Editor’s Note: Below is the first of many upcoming “Insider Opinion” op-ed contributions by industry insiders. Today’s contributor, Alina Syunkova, is a PR specialist assigned to client VUDU for SutherlandGold Group (which, in honor of full disclosure, will also handle the official press release and launch of DVDisDEAD.) Insider Opinion contributors may discuss whatever they like - with one exception: They can’t promote their own products and/or services (or in this first piece, products and/or services of companies they contract with or represent). Comments - and queries from potential contributors - welcome. -JH
Insider Opinion: The Movie and TV Download Revolution: Hurry up and wait
By Alina Syunkova, SutherlandGold Group
Content owners like NBC Universal are putting pressure on providers and developers of digital media technologies like Apple to maintain high prices on media content. At the very least, the latest Apple-NBC deal suggests that content owners may be clinging to the option of price manipulation based on what specific content is being viewed. Technology makers, by contrast, aim for simplicity to achieve mass technology adoption.
This points to at least one rift between media content owners and media consumer technology developers/providers. The former live in a content-centric world. Among programs and films, there are the good, the bad, the ugly, and prices must reflect this tedious hierarchy, because revenues – and ultimately, profits – derive from content. By contrast, for Apple and other technology developers, all content – from HD to UGC – is equal. What matters is which – or whose – new gadget delivers the content. Because revenues – and again, those pesky profits – are derived from gadget sales.

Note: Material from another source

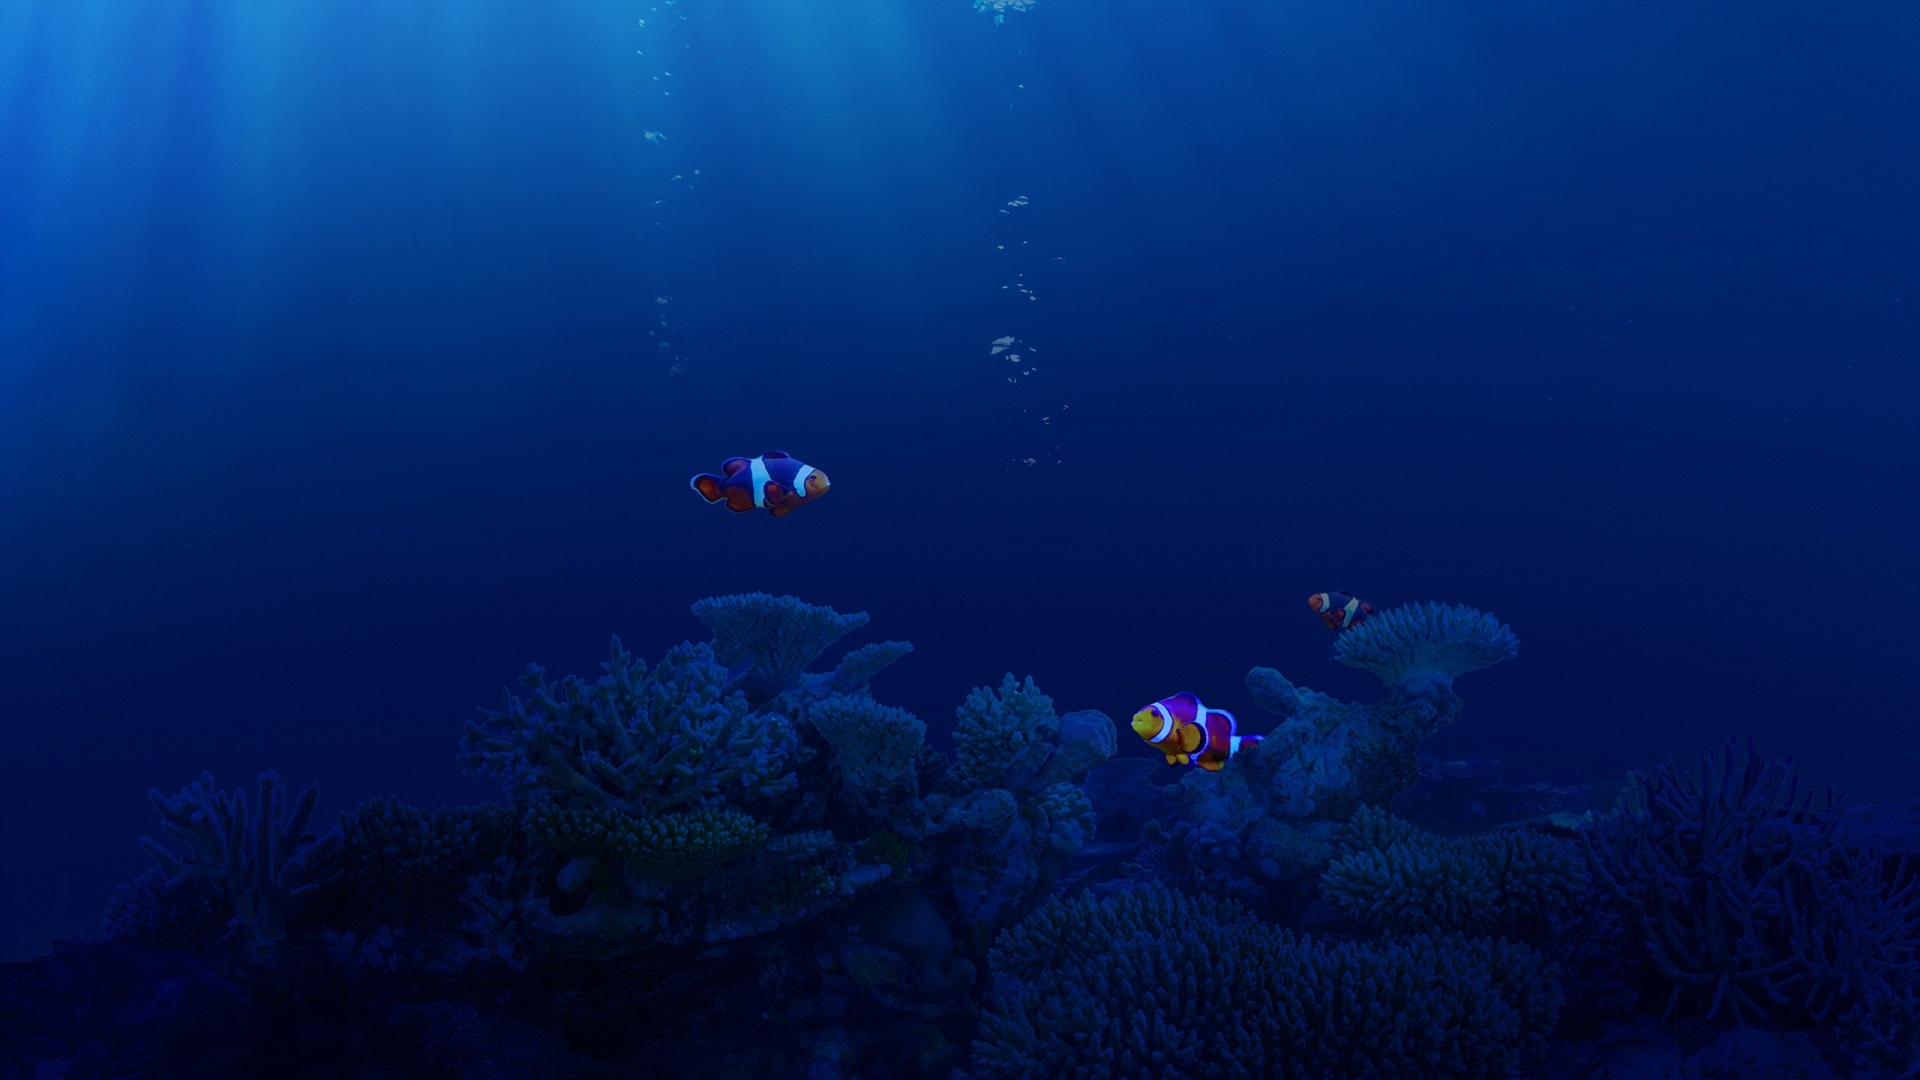 Finding Nemo Wallpaper  All disney pics found on web Thoug  Flickr

It’s important to note that the “techies” are the relative new kids on the block in this tug-of-war. For nearly a century now, media has been defined by content, and the “gadgets” delivering it – television sets, radios, cable, satellite – were a much more unified market, with few real options for consumers to worry about. The advent of iPods and YouTube, online video streaming and TiVo, dozens of VOD box set options and mobile entertainment, all of this is changing. Besides what to watch or listen to, consumers now have myriad choices for how to do it.
The result has been a tug-of-war between the media content owners and media consumer tech providers, impacting the economics of the media industry and the rate of new technology adoption. Specifically, it has created uncertainty as to where the industry is headed. Among die-hard fans of TiVo, the greatest caveat often rumored remains: “I just don’t know whether it’s here to stay.”

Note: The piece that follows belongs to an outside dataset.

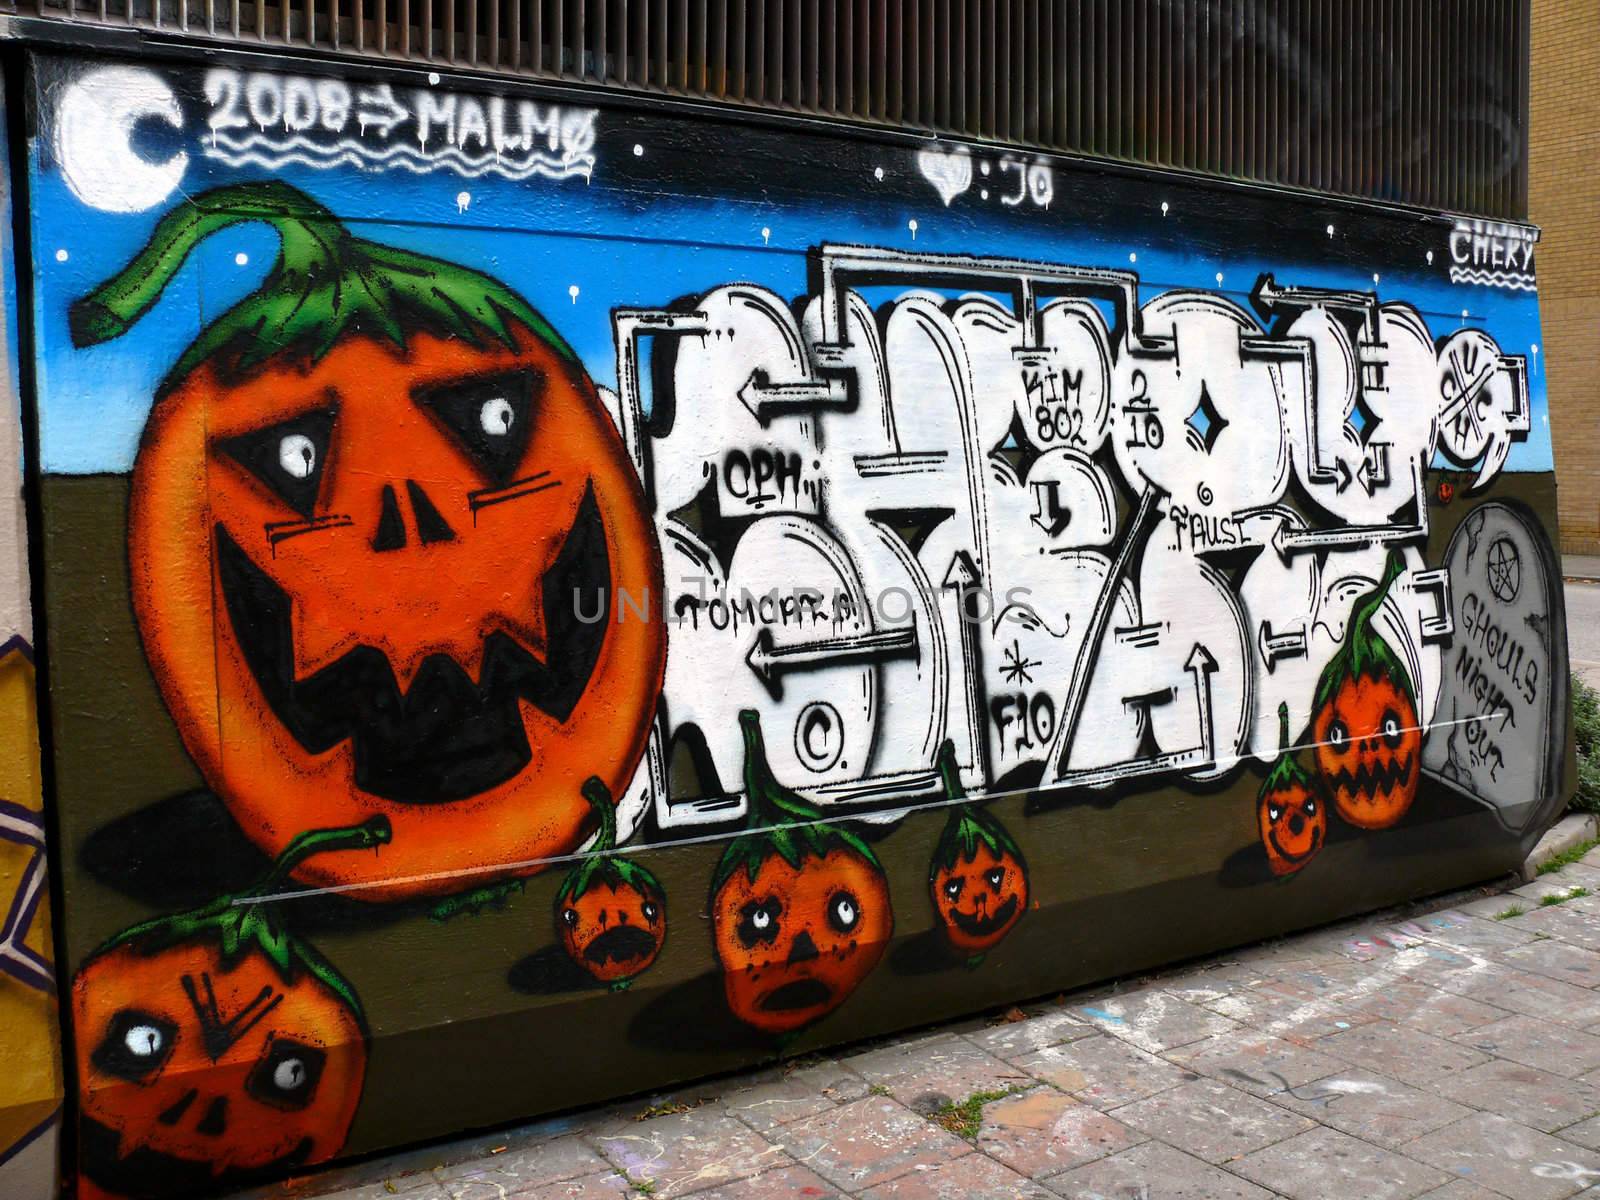 portrait of a halloween painted graffiti wall background

The battlefield between technology providers and content owners is chock-full of casualties. One example is Redlasso, the video and audio content search engine that received a cease-and-desist order from CBS, NBC, and Fox, forcing it to shut down. Content owners have seemingly been relentless in making life difficult for technology developers who threaten to make access to content a bit too easy for consumers without making them pay up. Perhaps, the effect is intentional. It seems logical that content owners have an interest in holding back new tech: they want to juice what is left out of the media industry’s decades-old infrastructure. They seem to know that once the free access to content door is opened, it can never be shut again. And they are preparing themselves for the storm, resisting it for as long as they can.

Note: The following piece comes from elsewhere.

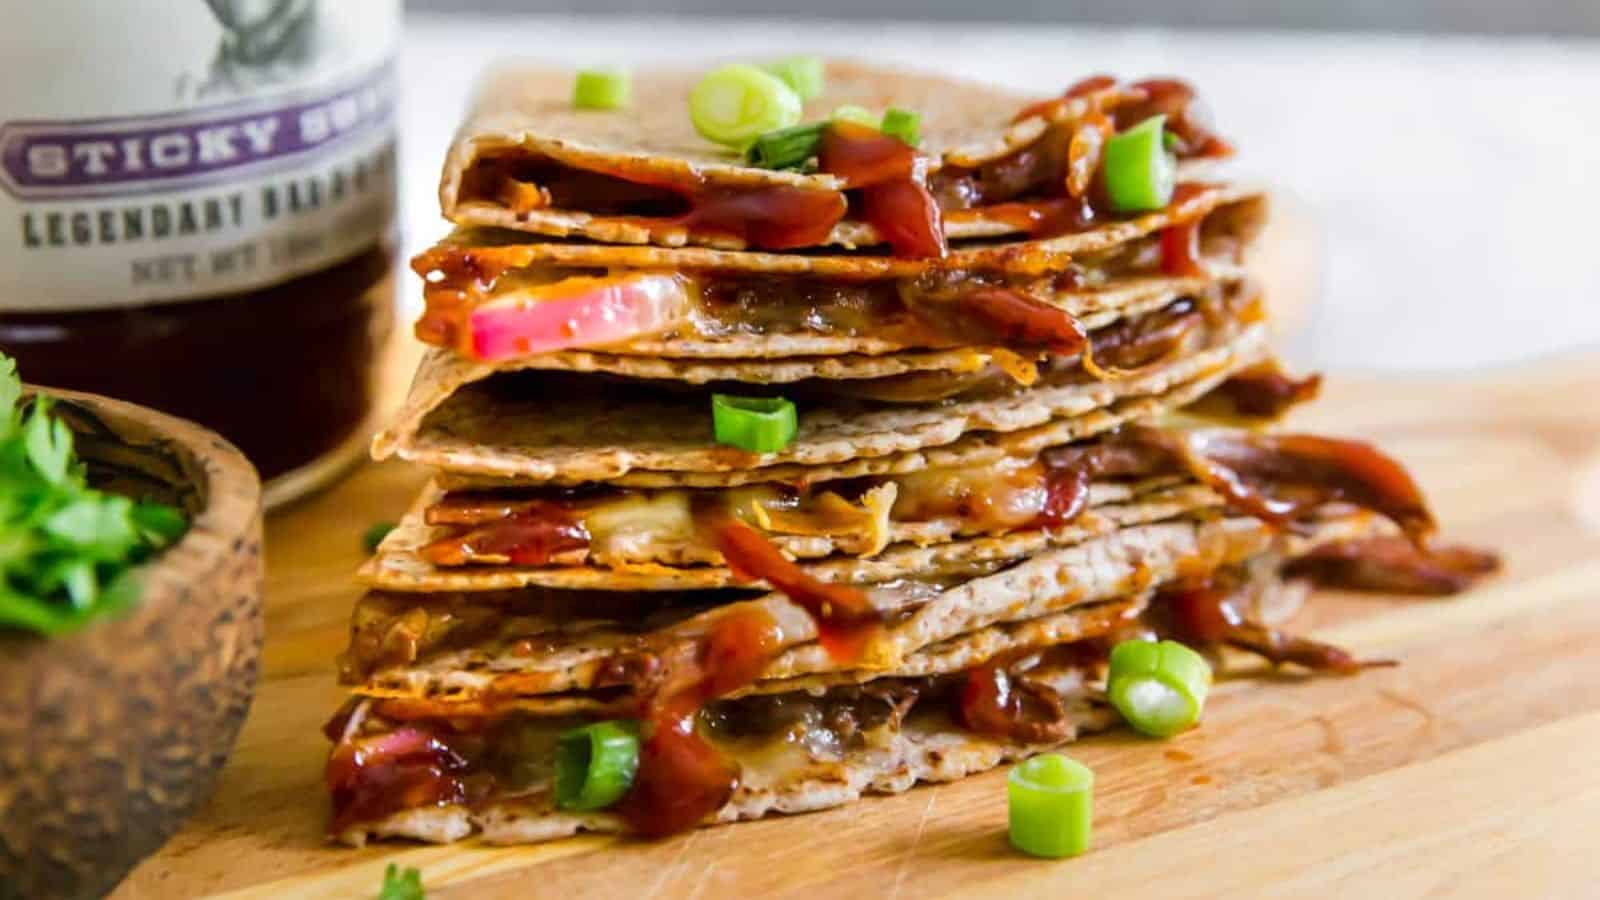 A stack of brisket quesadillas placed on a wooden board.

That preparation and resistance only confirms that the new media revolution is well underway. NBC and Fox’s joint operation “reinvent myself,” code-name “Hulu,” is a perfect example of the low profile content owners are maintaining as they scramble to keep up with the industry. Most will go down with the ship as a tsunami of new media technologies hits the media industry. Some, as titans do, will survive and rise to the top. The ones to re-emerge from the debris have been the quickest to form their own spin-offs equipped for navigating the vast expanse of new media technologies. NBC’s Hulu is one such lifeboat in the making.